No caso do banco público, todo este montante está reconhecido como perdido – foram constituídas imparidades ao longo dos anos, cobrindo as perdas que se antevia que aí vinham. Ou seja, ao longo dos últimos anos, a Artlant já foi penalizando os resultados da instituição financeira, tal como a La Seda, de que a CGD era accionista e cuja participação está, há anos, reconhecida como perdida. O dossiê começou na administração de Carlos Santos Ferreira, mas a inauguração acontece já com Fernando Faria de Oliveira à frente do banco. O PER ocorre com José de Matos à frente da CGD, tendo passado depois por António Domingues e Paulo Macedo.
A venda na insolvência
A alienação da Artlant é uma hipótese há vários anos. Mas não era fácil: a estimativa da administração, com membros da Caixa Capital e da Portugal Ventures, era a de que seria exigido um investimento de 150 milhões de euros para que voltasse a operar normalmente. No âmbito da insolvência, a comissão de credores da Artlant aceitou vender a unidade fabril: 25 milhões de euros era o montante mínimo. Houve conversas, mas só uma proposta final: da Indorama Ventures.

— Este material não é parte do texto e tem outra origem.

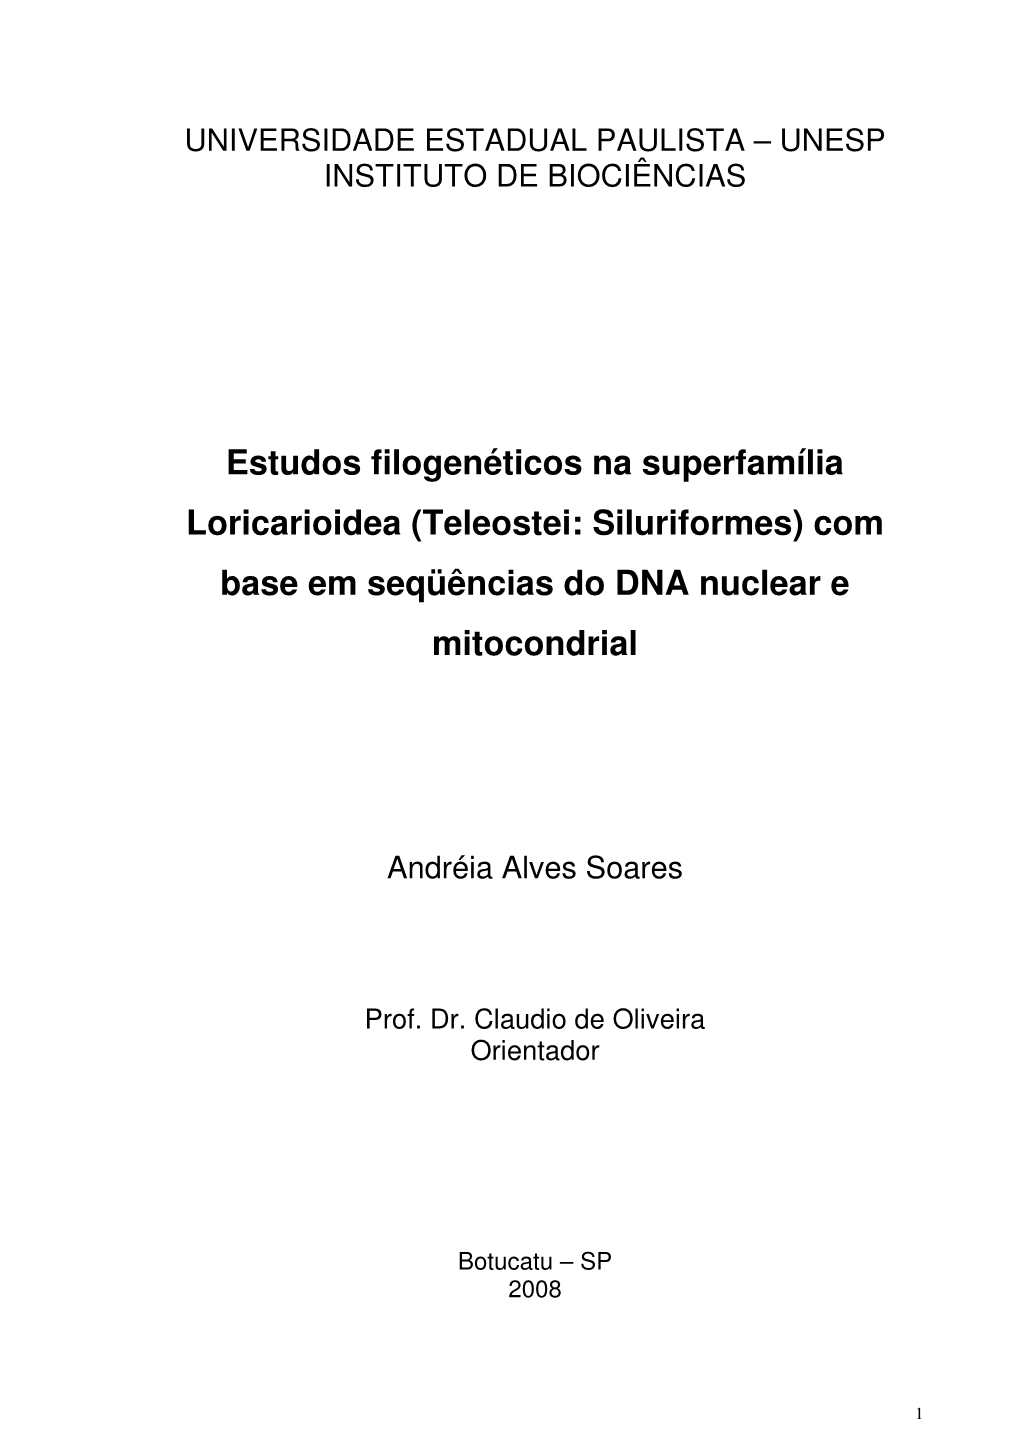 Estudos Filogenéticos Na Superfamília Loricarioidea (Teleostei: Siluriformes) Com Base Em Seqüências Do DNA Nuclear E Mitocondrial

Na prática, não é a Artlant que é vendida: são os seus activos – o equipamento, o direito de superfície, os perto de 100 contratos de trabalho. O pagamento de 28 milhões, preço que o grupo tailandês se propõe a entregar (tem até ao final do ano para fazê-lo), vai para a massa insolvente que mantém todos os credores mas ficou esvaziada de activos. A CGD tem o crédito garantido e, à partida, a senioridade dos créditos, logo é a instituição financeira de capitais públicos que recebe aqueles 28 milhões de euros.
Há, no entanto, outros credores com que o grupo tailandês vai continuar a operar, desde logo a Artelia Ambiente, que vai fornecer a energia e o vapor e as outras "utilities" necessárias para a actividade.
O grupo tailandês, como noticiado pelo Negócios, propõe-se agora a investir mais de 120 milhões de euros em Sines, para viabilizar uma fábrica onde produzirá PTA, que irá permitir depois fornecer as suas unidades de PET.